那天拉开抽屉,发现一本《苏东坡传》,抽屉好些日子不曾拉开了,这书的存在也完全给忘却了。翻开书,弹出一枚书签,也是亲手下在那儿的,接着那儿往下读,前面的内容且不去管它。此后几天,终于翻完了。
买这书是为了破一张百元钞,实在想不起有什么东西需要买或者可以买,就买了它,图书馆也有这书,只是给翻得很脏了。
往下看了几页,前面的内容多少浮现出一点,也记起为什么撂开手的了,为的是作者对王安石的态度。林语堂要把苏东坡写成一个完人,王安石就成了垫脚石,对于那场变法我一无所知,也不感兴趣,可是要把一样东西说得一无是处,我不能不打个问号。
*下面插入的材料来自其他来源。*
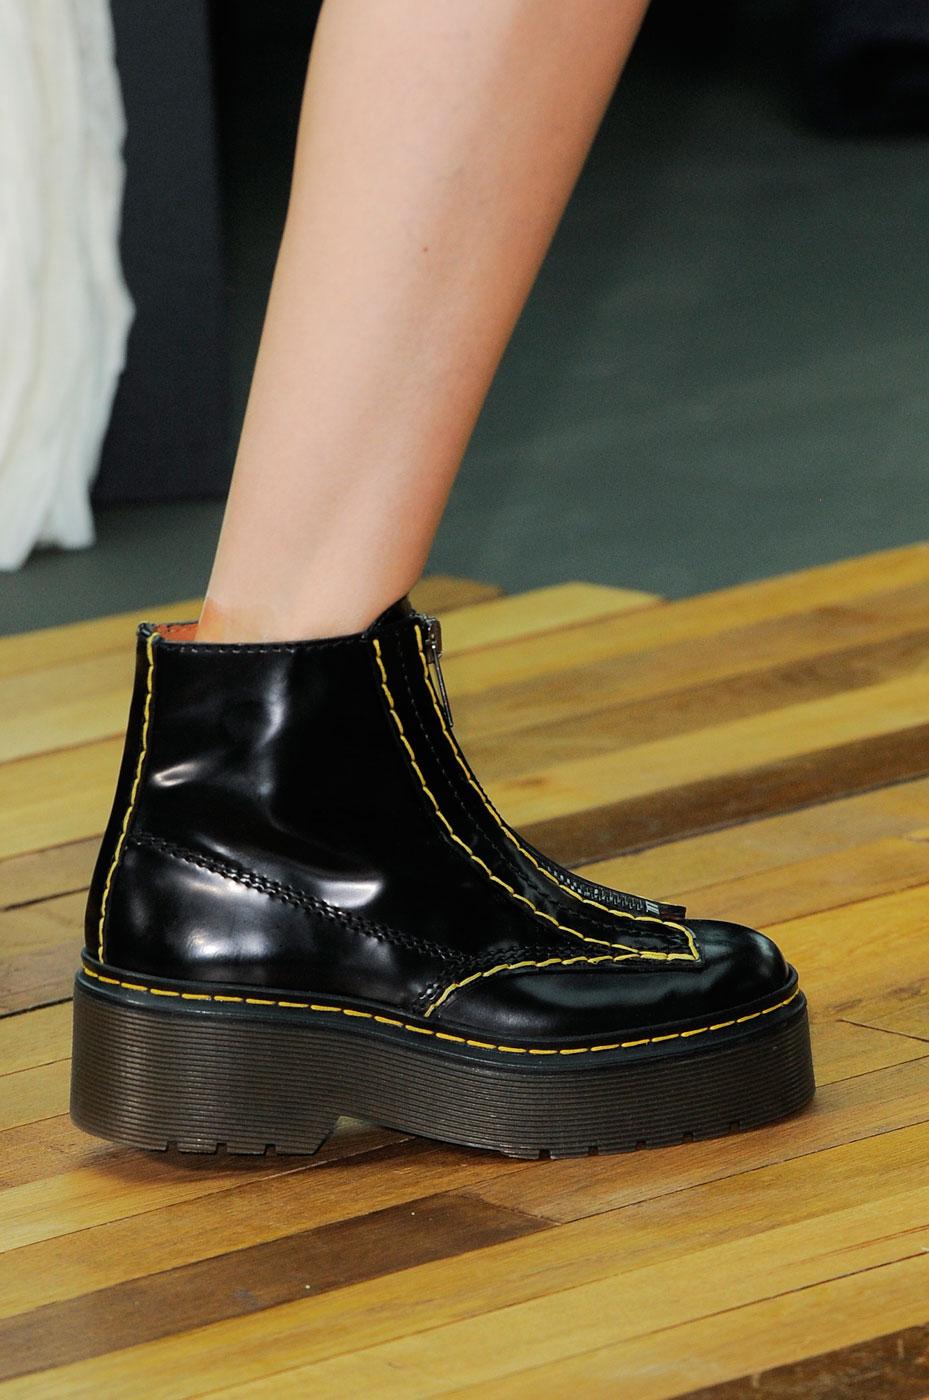 Céline Fall 2014 boots combat doc martens

这书的后半段还是很好读的,说到底,苏东坡王安石无论在野在官,都是文人本色,哪里是政客的对手,王的理想毁在政客手里,苏的命运也在政客手里拨来弄去,只是苏是一个无可救药的乐天派,想让他不快活很难很难。林语堂也是文人本色,写政治家们的勾当不是他的拿手活,在政治上标榜苏东坡也是极无谓的事情。再者,读《苏东坡传》的人有几个是冲政治去的。
不过这书给我的最大收获也就在那一鳞半爪的对于时局的描写,想来政客们的心眼跟手段古今为一,为得都是同样的东西,他们活得无比原始,不管时代发展还是反退,对于这些寄生虫而言,只是爬到马上牛上的分别。苏东坡的某些生活段落也一样,隽永得失去了时代特征,好象是活在远古,又可以是现代人的我对于未来的向往。人在世上活到最好能好到什么地步呢,需要依托什么,似乎并不需要依托什么,时代的进步与倒退都妨碍着一个人活到最好,时代最好止住它的脚步,最好生活的资本似乎是只来自于内心的。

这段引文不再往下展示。